Your objective: Before returning the data, strip out the pictures and keep everything else exactly the same.

Provided data:

######

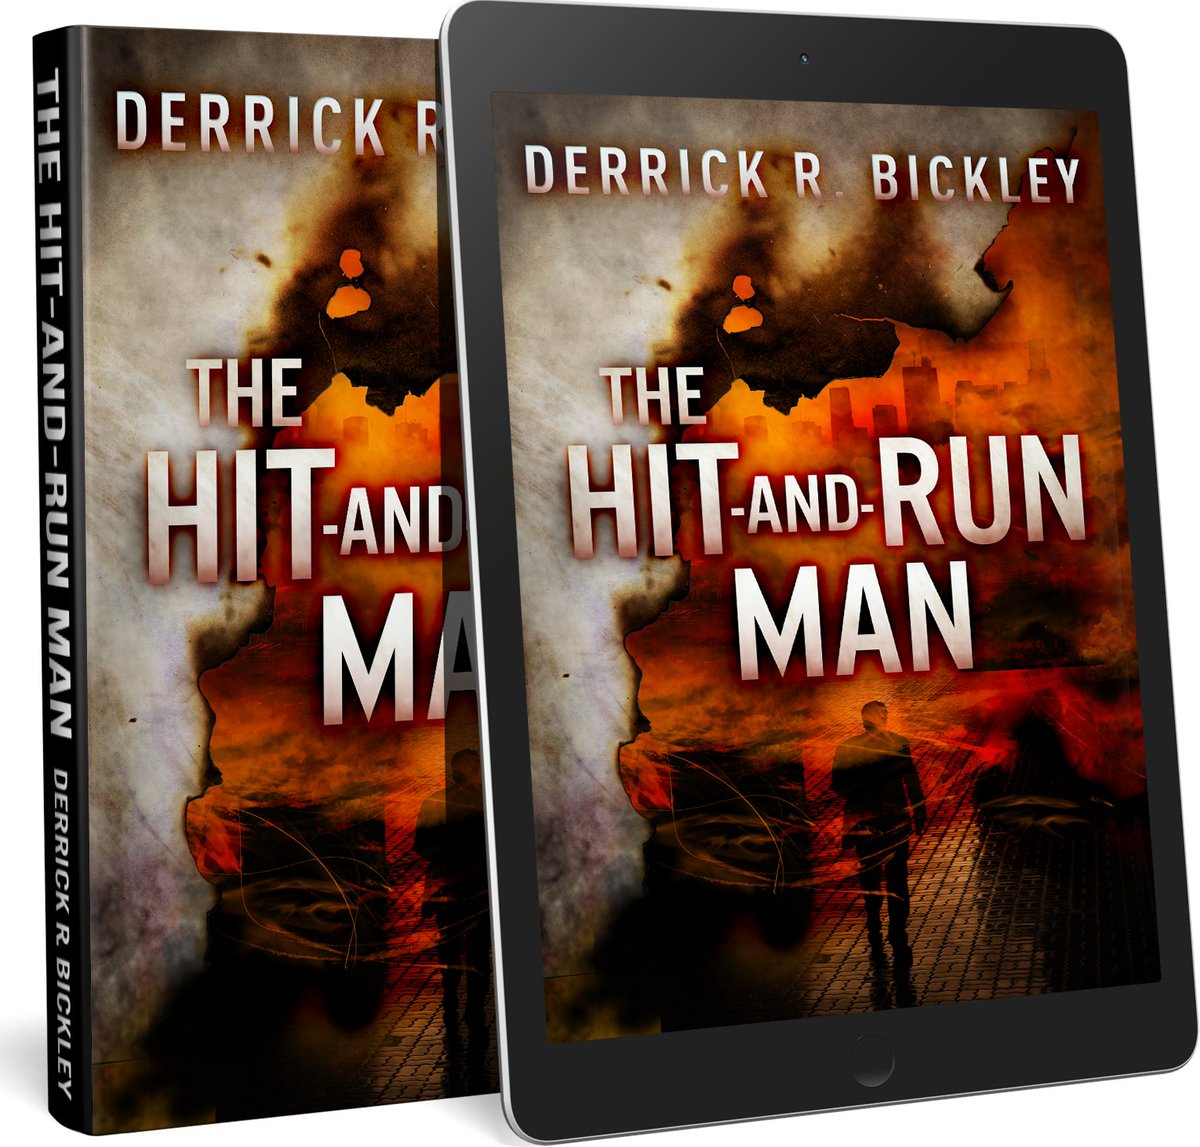 'Very clever storyline that kept me fully engrossed' mybook.to/TheHitAndRunMan THE HIT-AND-RUN MAN on #Kindle or your favourite digital store  PAPERBACK HARDBACK (Amzn inc L/Print  B&N inc L/Print  Wmart) and AUDIOBOOK #crimethrillers #NextChapterPub #mustread #crime #pageturners
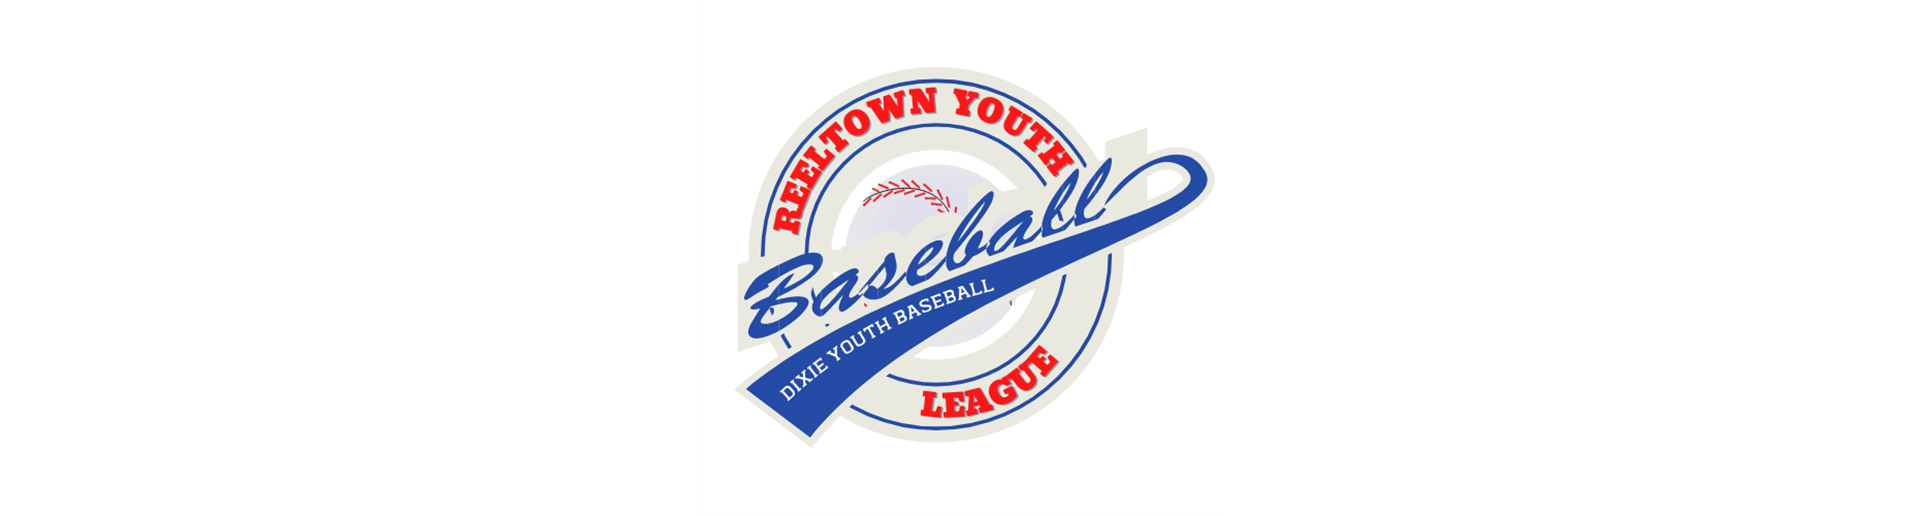 Welcome to Reeltown Youth Baseball League! 
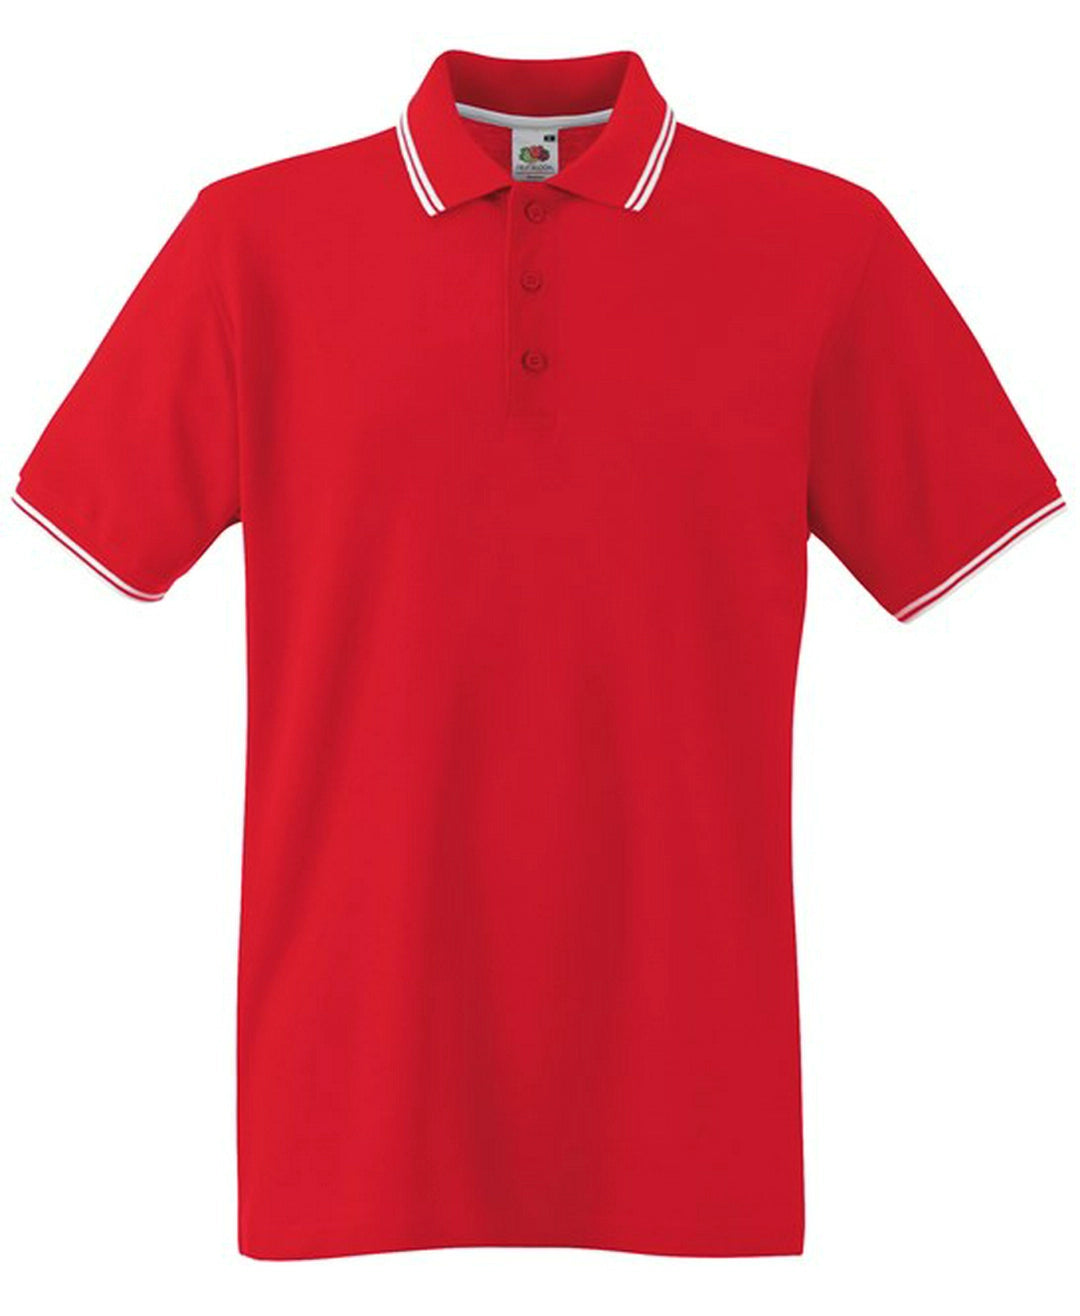 Tipped Cotton Polo Shirt 180gsm Adult - COOZO

######

Final answer:
 'Very clever storyline that kept me fully engrossed' mybook.to/TheHitAndRunMan THE HIT-AND-RUN MAN on #Kindle or your favourite digital store  PAPERBACK HARDBACK (Amzn inc L/Print  B&N inc L/Print  Wmart) and AUDIOBOOK #crimethrillers #NextChapterPub #mustread #crime #pageturners
 Welcome to Reeltown Youth Baseball League! 
 Tipped Cotton Polo Shirt 180gsm Adult - COOZO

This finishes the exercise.